Tests in packages/exo-core/tests/:

FileContents
test_rail_types.pyModel creation and validation
test_rail.pyRail actions, priority ordering, cross-rail state, abort propagation

9. Open Questions

  1. RETRY semantics in _call_llm. The agent already has max_retries on _call_llm. Should rail-requested retries decrement the same counter or have their own? Recommendation: Separate counter via RetryRequest.max_retries.

  2. SKIP semantics for LLM calls. Skipping an LLM call means no response is generated. Should this return a sentinel output or raise?
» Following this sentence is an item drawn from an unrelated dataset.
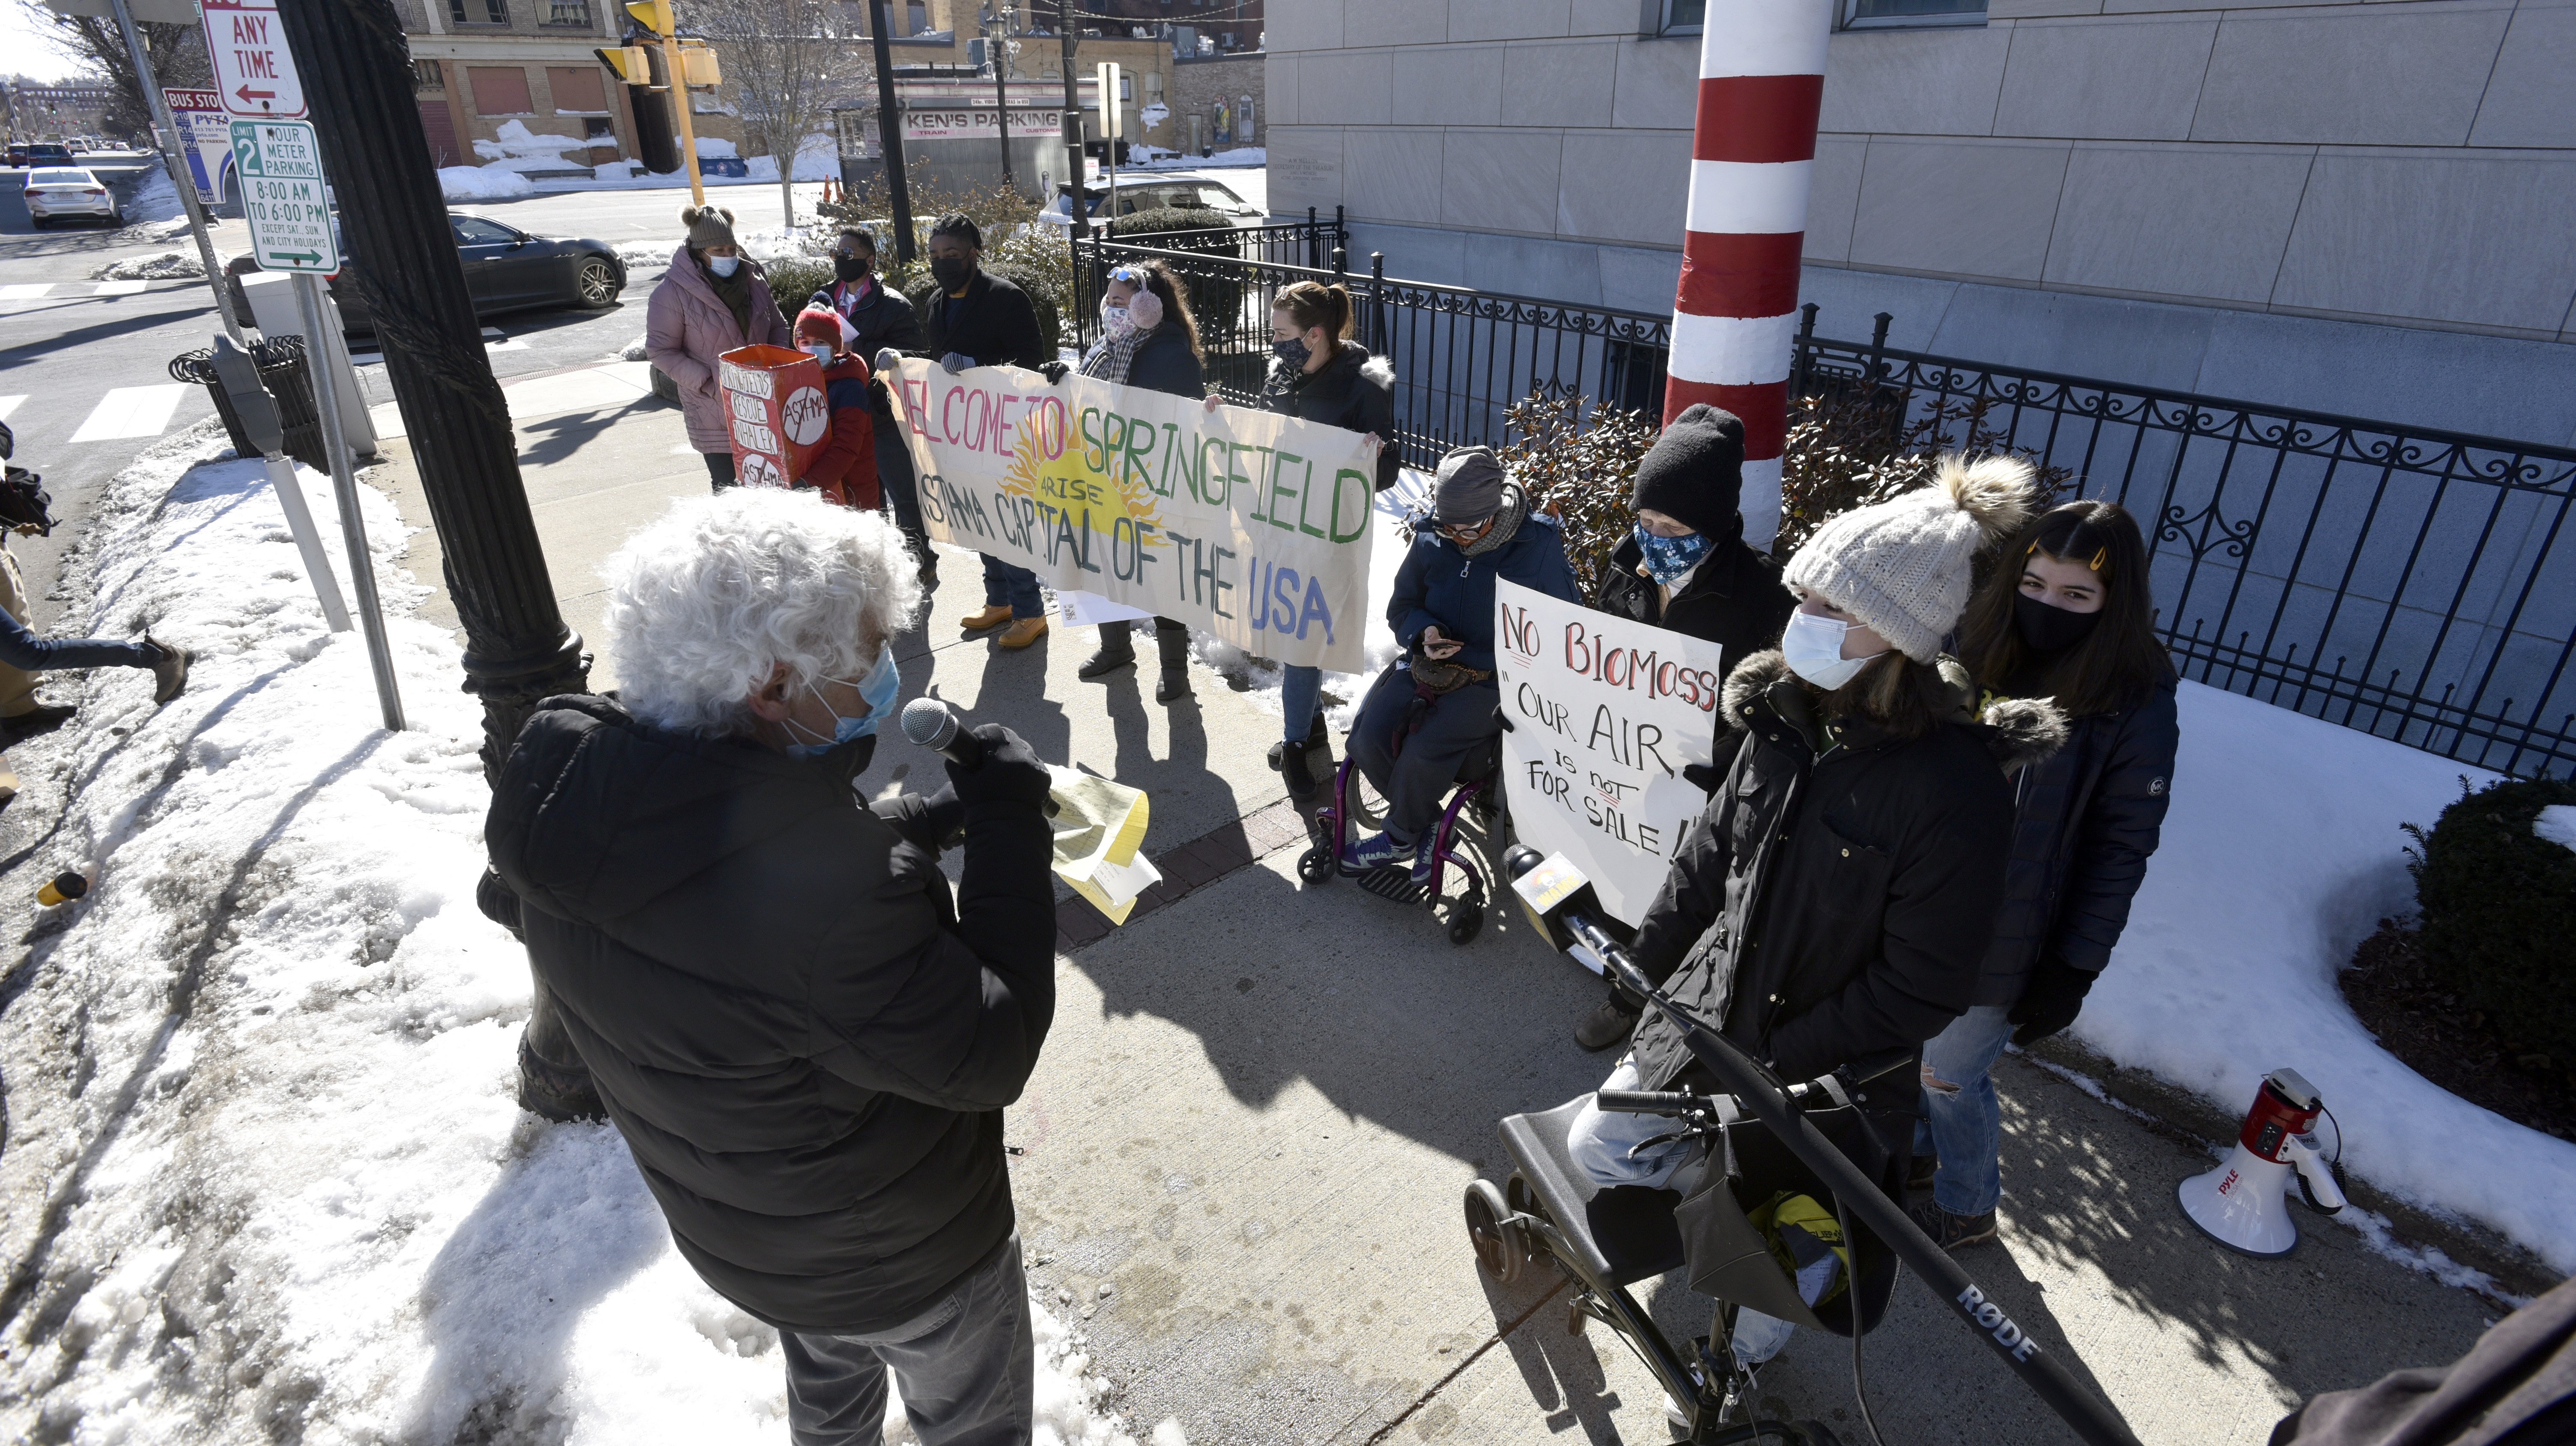 Verne McArthur of the Springfield Climate Justice Coalition speaks during a rally outside the Western Massachusetts office of Governor Charlie Baker in Springfield to demand an end to the long proposed biomass energy plant in East Springfield on Feb. 17, 2021.   (Don Treeger / The Republican)

Recommendation: Return AgentOutput(text="", tool_calls=[]) — the loop will terminate since there are no tool calls.

  3. Exception events. Agent-core has ON_MODEL_EXCEPTION and ON_TOOL_EXCEPTION. Exo has ERROR but it is not currently fired. Recommendation: Defer exception-specific events to a follow-up story; wire up ERROR as a general exception hook first.


10. Summary

  • Rails extend the existing hook system — they do not replace it.
  • RailManager registers as a single hook on HookManager.
  • Typed inputs provide structured data; priority ordering ensures deterministic execution; extra dict enables cross-rail coordination.
  • Zero breaking changes to existing APIs, tests, or behavior.
  • Implementation spans 2 new files (~400 lines total) + tests.